Saint Joseph’s College — A Century-Old Catholic College Sunk by $100 Million in Bills
Summary
Saint Joseph's College, a Catholic liberal-arts college in Rensselaer, Indiana, founded in 1889 by the Missionaries of the Precious Blood, announced on February 3, 2017 that it would suspend operations at the end of that spring semester. It graduated its final traditional class, and after 128 years the residential college on the prairie halfway between Chicago and Indianapolis went dark. Roughly 900 to 1,100 students were enrolled when the board voted; about 200 employees lost their jobs; and a town of some five thousand people lost the institution that had, in large part, defined it.
The cause was not a sudden scandal or a single bad year. It was a slow accumulation of liabilities that finally exceeded any plausible rescue. By the college's own accounting, it needed roughly $100 million to continue: about $27 million to retire its debt, about $35 million in deferred maintenance and infrastructure repairs to a long-neglected campus, and another $38 million to "re-engineer" the institution into something that could survive. In November 2016 the Higher Learning Commission placed Saint Joseph's on probation, finding that its resource base no longer supported its programs. The college told its community that it needed roughly $20 million by June simply to open in the fall. The money did not come, and the board concluded the college "cannot continue in its current form."
What makes Saint Joseph's distinct in the closure wave is the shape of its killer: not the demographic enrollment cliff alone, but decades of deferred maintenance — the bills a tuition-dependent college defers, year after year, to balance the budget, until the deferred total becomes a number no one can pay.

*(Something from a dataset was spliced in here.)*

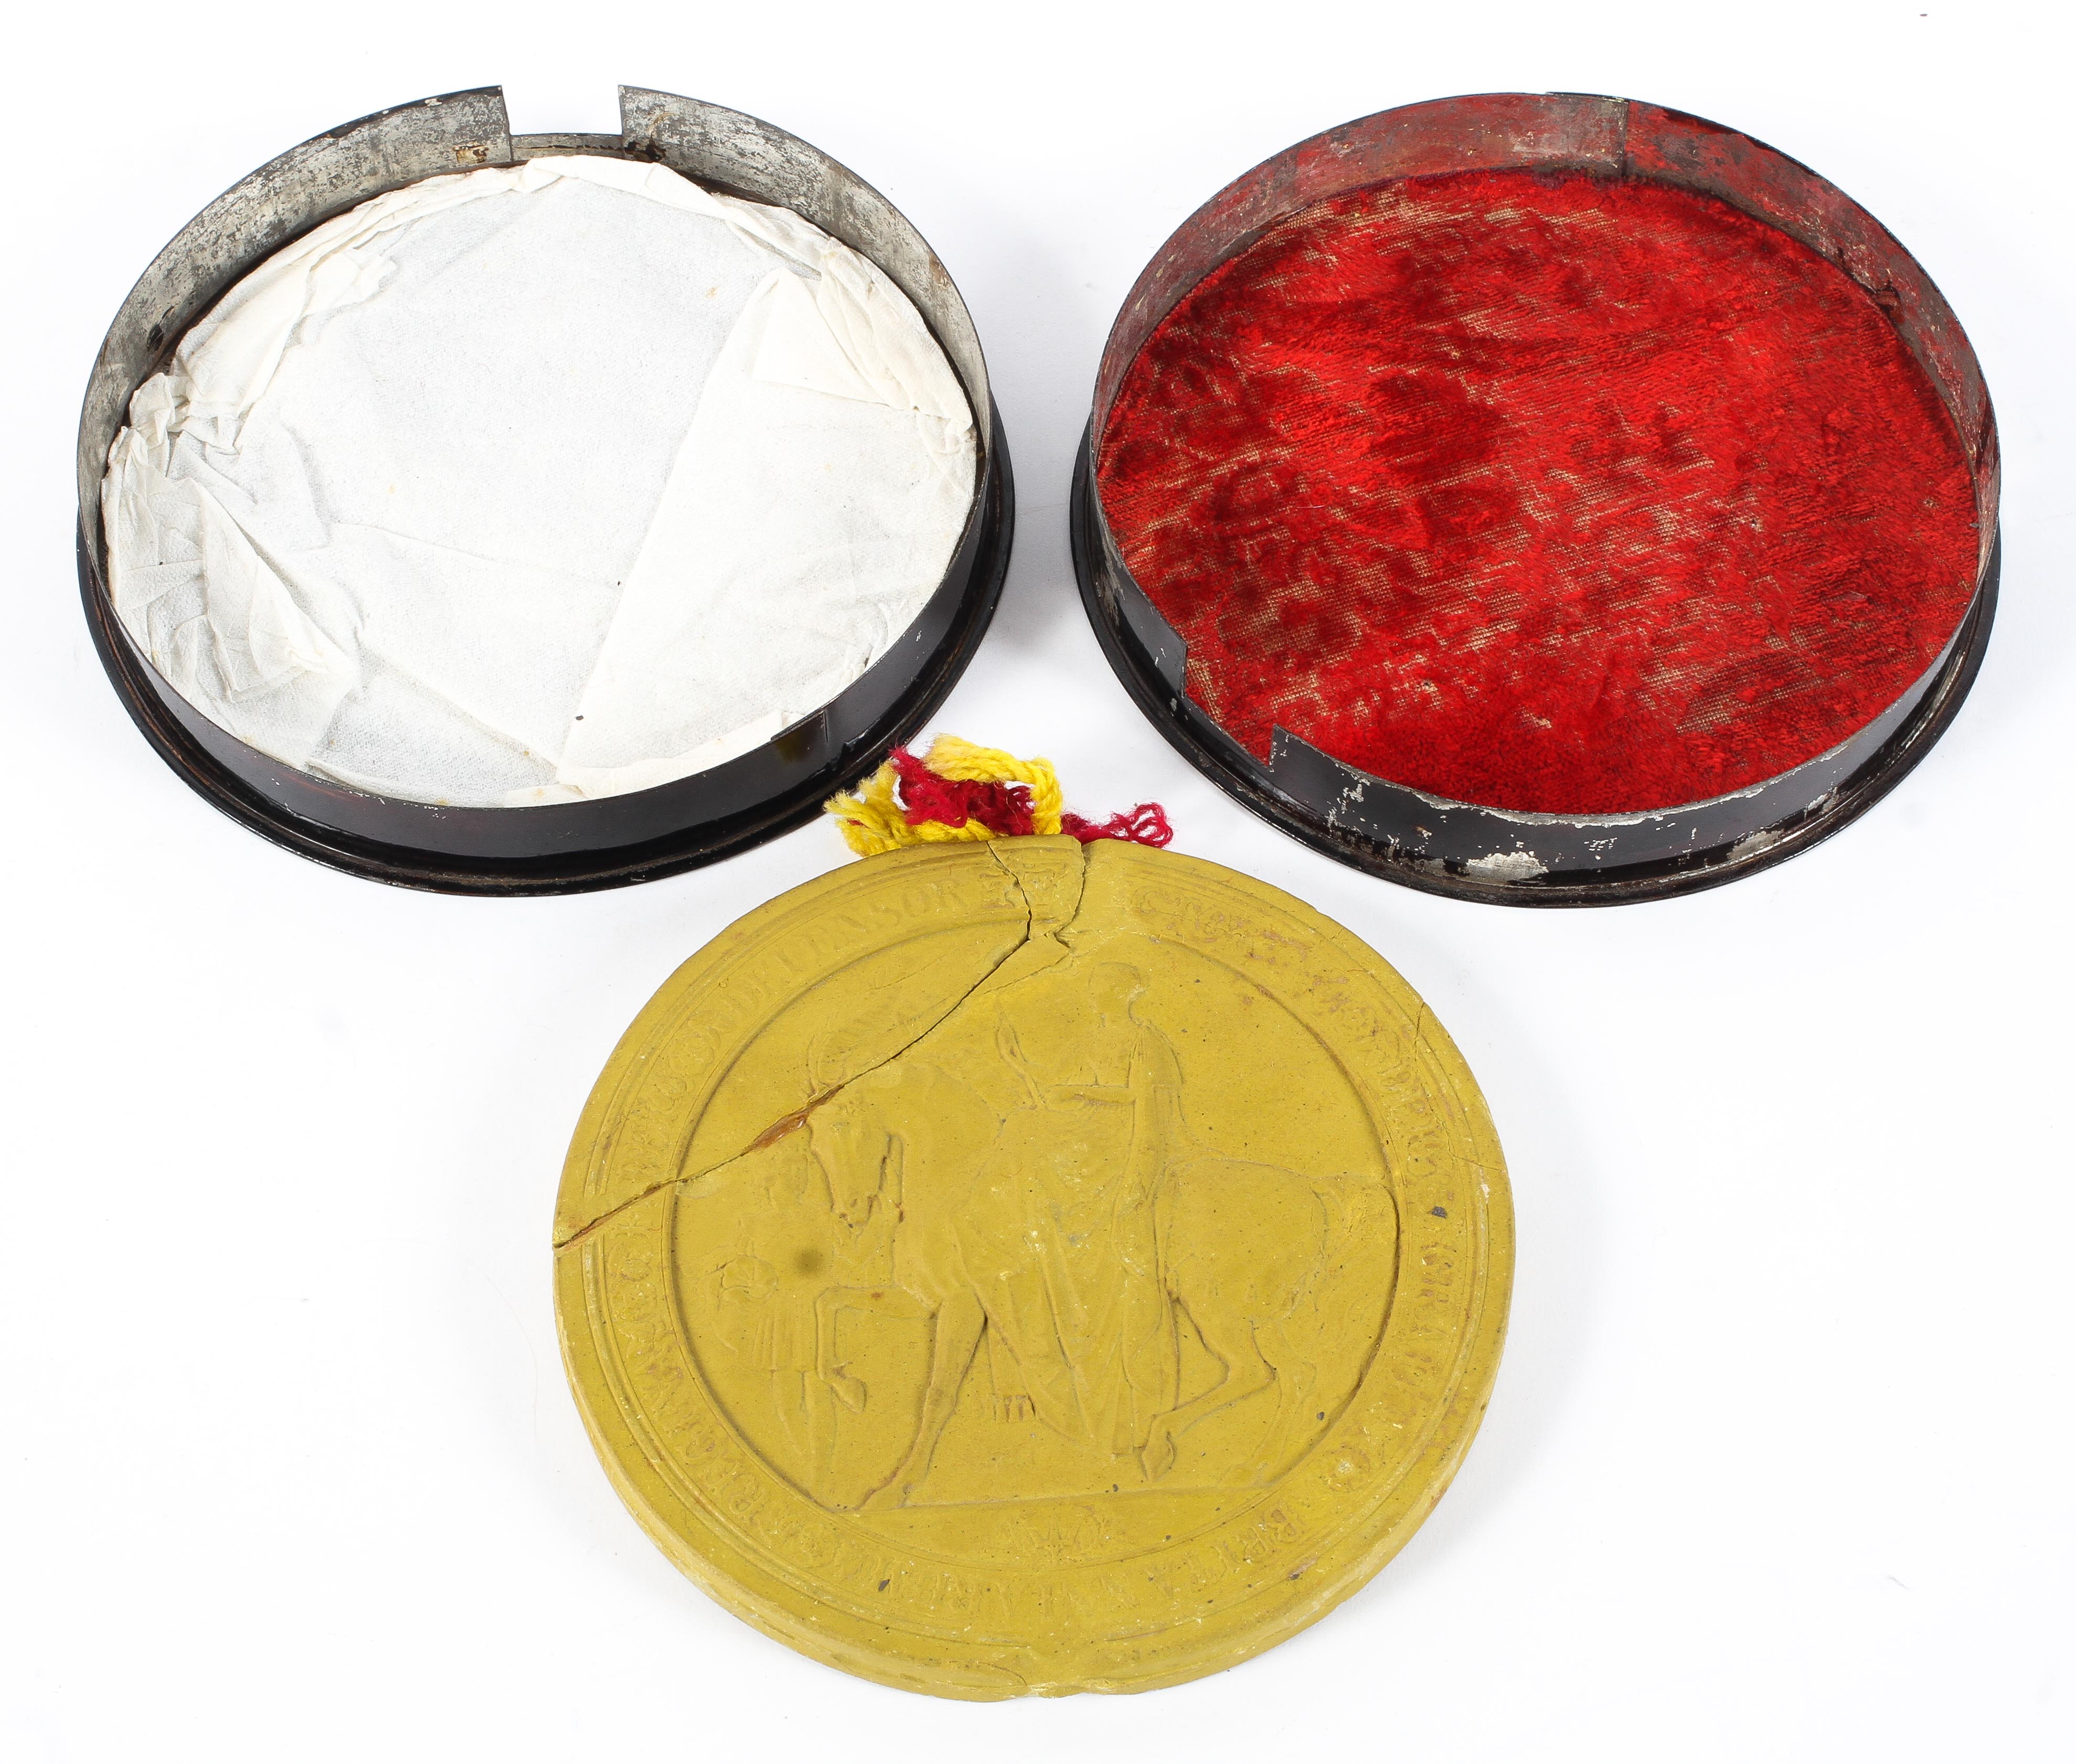 A Queen Victoria 'Great Seal of the Realm' and a handkerchief marked 'A Souvenir of the Record

The college called its shutdown a "suspension" rather than a closure, and held out the hope of revival; a teach-out moved students to other Catholic and regional colleges, and a small two-year college bearing the Saint Joseph's name later opened in partnership with Marian University in Indianapolis. But the residential, four-year liberal-arts college in Rensselaer — the one that had graduated tens of thousands over 128 years — did not come back. What survives on the campus today is certificate programs and trades training, not the college that closed.
Timeline
The College on the Prairie
Saint Joseph's College spent 128 years being a particular kind of American institution: the small Catholic liberal-arts college, planted by a religious order in a farm town, that gave first-generation and working-class Catholic students a path into the middle class. The Missionaries of the Precious Blood — a Catholic order with roots in nineteenth-century immigrant and missionary work — founded it in 1889 in Rensselaer, a Jasper County town of a few thousand on the flat northwestern Indiana prairie, roughly midway between Chicago and Indianapolis. It earned regional accreditation in 1932 and held that accreditation, without interruption, for the next eighty-five years. At its peak in the 1960s it enrolled about 1,500 students.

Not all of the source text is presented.